D. Applicable precedent

{¶ 33} This case is unique. This court has not previously been presented with a recommendation that we sanction a judge solely for the judge’s failure to manage his or her docket pursuant to the deadlines provided in the Rules of Superintendence. We have found violations of Canon 3(B)(8) of the Code of Judicial Conduct in particular in several disciplinary cases, but the sanctions have always been in response to those violations in combination with several other violations of the Code. See, e.g., Disciplinary Counsel v. Squire, 116 Ohio St.3d 110, 2007-Ohio-5588, 876 N.E.2d 933, ¶ 112 (suspending a former judge for two years with 12 months stayed for numerous violations of the Code of Judicial Conduct, including Canon 3(B)(8), and the Code of Professional Responsibility); Disciplinary Counsel v. Medley, 104 Ohio St.3d 251, 2004-Ohio-6402, 819 N.E.2d 273, ¶ 43 (suspending a judge for 18 months with six months stayed for numerous violations); Disciplinary Counsel v. Karto (2002), 94 Ohio St.3d 109, 117, 760 N.E.2d 412 (suspending a judge for six months for numerous violations). However, the fact that there is no precedent for these particular circumstances does not diminish the problems caused by respondent’s conduct.

E. Determination

{¶ 34} Parties rightfully expect to receive prompt, efficient, and fair resolutions of their cases. Judges must meet these expectations impartially and diligently. By failing to manage his docket, respondent injured the parties before him and the public’s perception of the legal system.

{¶ 35} Nevertheless, we recognize that this case is one of first impression, as it is the only disciplinary case we have encountered that involves only docket control. We also consider the following facts in determining an appropriate sanction: (1) respondent’s term of office ends in December 2008, (2) in 2006 and 2007, respondent reduced the number of cases pending beyond this court’s guidelines, (3) respondent hired a law clerk to assist him, (4) respondent has no prior disciplinary record, (5) respondent fully cooperated in the disciplinary proceedings, and (6) respondent presented evidence of his good character.

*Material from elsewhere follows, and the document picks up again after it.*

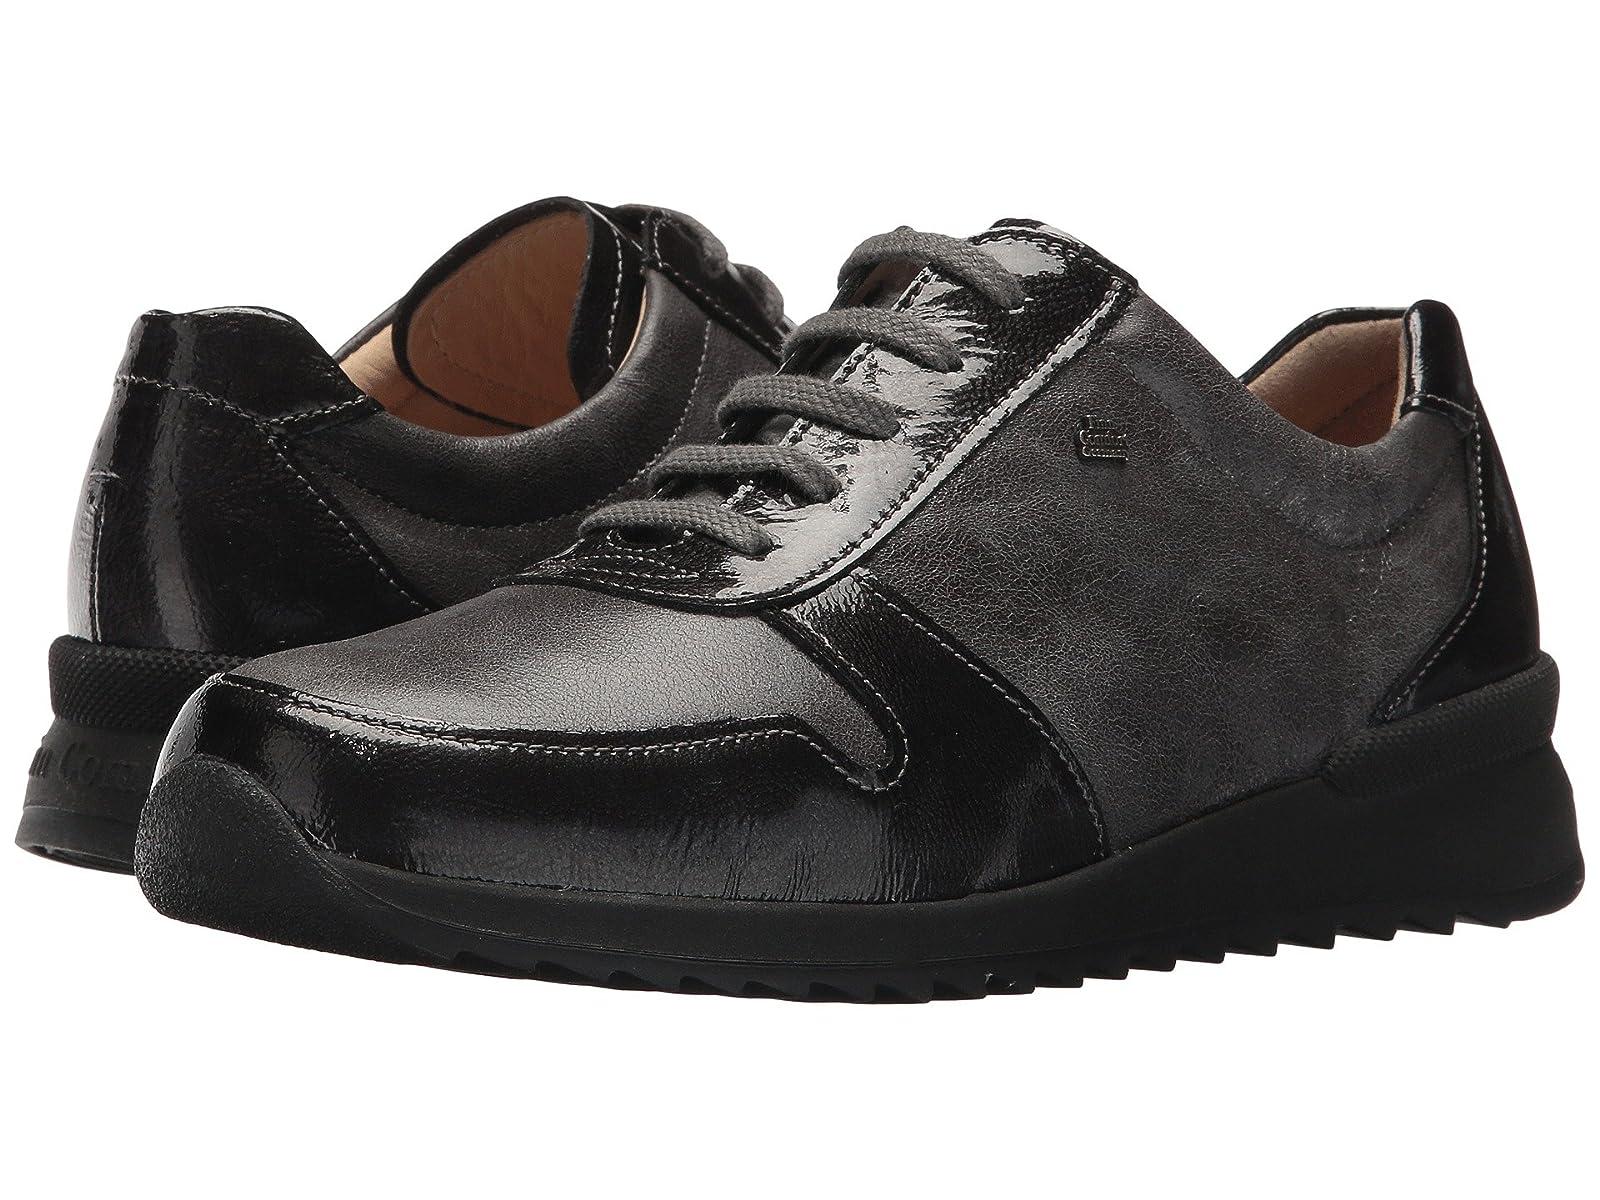 Finn Comfort Sidonia-SCheap and distinctive eye-catching shoes

{¶ 36} Given the strength of those mitigating factors that are unique to this case, we accept the recommended sanction and hereby publicly reprimand respondent for his violations of Canons 3, 3(B)(8), and 3(C)(2). Costs are taxed to respondent.

Judgment accordingly.

Jonathan E. Coughlan, Disciplinary Counsel, and Robert R. Berger, Assistant Disciplinary Counsel, for relator. Charles J. Kettlewell, for respondent. Pfeifer, O’Connor, O’Donnell, Lanzinger, and Cupp, JJ., concur. Lundberg Stratton, J., dissents.